Records provided

☆ ☆ ☆ ☆

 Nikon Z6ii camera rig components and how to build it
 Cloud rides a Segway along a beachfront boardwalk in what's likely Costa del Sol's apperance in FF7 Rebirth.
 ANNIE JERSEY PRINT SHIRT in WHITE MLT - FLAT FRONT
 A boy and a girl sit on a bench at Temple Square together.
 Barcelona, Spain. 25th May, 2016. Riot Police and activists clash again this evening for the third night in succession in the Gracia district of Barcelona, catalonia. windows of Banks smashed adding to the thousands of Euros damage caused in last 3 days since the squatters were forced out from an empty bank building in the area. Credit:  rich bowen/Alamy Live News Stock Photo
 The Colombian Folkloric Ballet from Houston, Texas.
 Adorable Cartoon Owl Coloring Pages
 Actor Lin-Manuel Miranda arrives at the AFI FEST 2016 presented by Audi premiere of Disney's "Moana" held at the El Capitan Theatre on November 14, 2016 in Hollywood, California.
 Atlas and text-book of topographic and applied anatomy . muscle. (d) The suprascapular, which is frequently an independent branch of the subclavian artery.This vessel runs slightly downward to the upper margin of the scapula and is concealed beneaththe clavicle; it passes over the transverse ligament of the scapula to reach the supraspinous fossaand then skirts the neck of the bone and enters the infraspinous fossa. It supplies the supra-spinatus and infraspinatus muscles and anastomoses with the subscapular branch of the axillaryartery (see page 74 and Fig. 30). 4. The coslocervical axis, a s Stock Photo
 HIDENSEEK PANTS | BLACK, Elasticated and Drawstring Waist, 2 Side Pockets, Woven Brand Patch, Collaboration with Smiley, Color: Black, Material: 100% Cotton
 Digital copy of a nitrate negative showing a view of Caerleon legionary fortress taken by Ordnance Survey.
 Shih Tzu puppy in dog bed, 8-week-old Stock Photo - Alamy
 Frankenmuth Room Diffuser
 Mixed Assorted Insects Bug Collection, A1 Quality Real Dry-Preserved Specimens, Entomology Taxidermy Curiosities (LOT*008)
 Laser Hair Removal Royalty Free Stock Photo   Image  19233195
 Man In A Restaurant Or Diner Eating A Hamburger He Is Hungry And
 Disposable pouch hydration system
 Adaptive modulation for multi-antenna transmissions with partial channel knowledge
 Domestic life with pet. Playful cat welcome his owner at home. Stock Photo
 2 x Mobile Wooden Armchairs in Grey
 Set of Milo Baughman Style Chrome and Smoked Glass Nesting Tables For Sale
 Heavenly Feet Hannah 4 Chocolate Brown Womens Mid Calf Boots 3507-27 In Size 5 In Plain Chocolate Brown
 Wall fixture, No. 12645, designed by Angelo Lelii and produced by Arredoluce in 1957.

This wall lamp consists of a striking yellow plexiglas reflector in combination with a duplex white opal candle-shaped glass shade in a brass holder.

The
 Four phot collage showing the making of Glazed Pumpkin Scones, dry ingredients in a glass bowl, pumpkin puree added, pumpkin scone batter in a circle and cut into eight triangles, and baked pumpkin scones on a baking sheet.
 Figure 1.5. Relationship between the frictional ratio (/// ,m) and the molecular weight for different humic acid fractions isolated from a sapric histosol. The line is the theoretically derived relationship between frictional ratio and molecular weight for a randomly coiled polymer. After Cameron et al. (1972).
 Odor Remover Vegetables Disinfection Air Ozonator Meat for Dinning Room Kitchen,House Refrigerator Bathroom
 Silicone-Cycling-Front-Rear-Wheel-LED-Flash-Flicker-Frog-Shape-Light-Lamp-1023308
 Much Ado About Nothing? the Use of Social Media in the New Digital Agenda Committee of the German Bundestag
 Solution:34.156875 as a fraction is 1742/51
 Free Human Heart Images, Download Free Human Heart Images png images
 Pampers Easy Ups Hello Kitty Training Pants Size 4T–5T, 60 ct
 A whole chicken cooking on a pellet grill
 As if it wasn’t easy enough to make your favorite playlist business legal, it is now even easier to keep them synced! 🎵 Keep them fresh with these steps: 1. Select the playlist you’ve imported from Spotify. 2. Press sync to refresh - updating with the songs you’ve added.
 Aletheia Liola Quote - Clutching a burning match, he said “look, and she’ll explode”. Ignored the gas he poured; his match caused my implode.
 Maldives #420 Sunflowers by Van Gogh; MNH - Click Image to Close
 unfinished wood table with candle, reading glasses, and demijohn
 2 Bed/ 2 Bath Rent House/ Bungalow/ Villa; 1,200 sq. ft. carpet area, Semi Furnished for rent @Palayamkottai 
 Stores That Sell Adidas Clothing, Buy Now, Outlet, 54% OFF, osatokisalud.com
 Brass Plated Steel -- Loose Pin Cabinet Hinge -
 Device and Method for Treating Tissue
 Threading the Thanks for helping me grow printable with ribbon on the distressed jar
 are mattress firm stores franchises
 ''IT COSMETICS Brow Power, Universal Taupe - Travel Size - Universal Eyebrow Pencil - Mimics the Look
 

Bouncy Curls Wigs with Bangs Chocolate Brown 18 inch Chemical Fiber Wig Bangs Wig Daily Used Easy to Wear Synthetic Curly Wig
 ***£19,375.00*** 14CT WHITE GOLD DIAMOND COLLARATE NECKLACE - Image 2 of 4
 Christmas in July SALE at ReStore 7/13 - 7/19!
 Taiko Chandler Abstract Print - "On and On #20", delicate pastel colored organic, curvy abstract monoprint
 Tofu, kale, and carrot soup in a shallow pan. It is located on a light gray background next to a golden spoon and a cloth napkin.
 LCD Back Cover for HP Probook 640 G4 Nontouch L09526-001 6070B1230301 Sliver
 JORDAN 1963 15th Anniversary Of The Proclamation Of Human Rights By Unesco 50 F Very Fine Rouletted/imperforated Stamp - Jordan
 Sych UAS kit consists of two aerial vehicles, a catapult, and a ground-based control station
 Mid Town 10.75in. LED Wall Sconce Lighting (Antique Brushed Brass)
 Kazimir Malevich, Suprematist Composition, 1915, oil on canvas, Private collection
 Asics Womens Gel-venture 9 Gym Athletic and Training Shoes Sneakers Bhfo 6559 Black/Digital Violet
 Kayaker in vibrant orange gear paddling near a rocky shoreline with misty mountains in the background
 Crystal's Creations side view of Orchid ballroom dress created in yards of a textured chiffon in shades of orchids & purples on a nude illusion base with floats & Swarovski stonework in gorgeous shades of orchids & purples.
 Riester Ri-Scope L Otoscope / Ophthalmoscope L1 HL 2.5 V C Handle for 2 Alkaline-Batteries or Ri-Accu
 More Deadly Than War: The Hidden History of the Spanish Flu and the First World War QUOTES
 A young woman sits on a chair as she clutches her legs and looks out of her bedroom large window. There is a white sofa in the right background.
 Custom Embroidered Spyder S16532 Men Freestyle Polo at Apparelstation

☆ ☆ ☆ ☆

Work task
Each line in the data that holds the string "showing" should be found and copied.

Response area
 Digital copy of a nitrate negative showing a view of Caerleon legionary fortress taken by Ordnance Survey.
 Four phot collage showing the making of Glazed Pumpkin Scones, dry ingredients in a glass bowl, pumpkin puree added, pumpkin scone batter in a circle and cut into eight triangles, and baked pumpkin scones on a baking sheet.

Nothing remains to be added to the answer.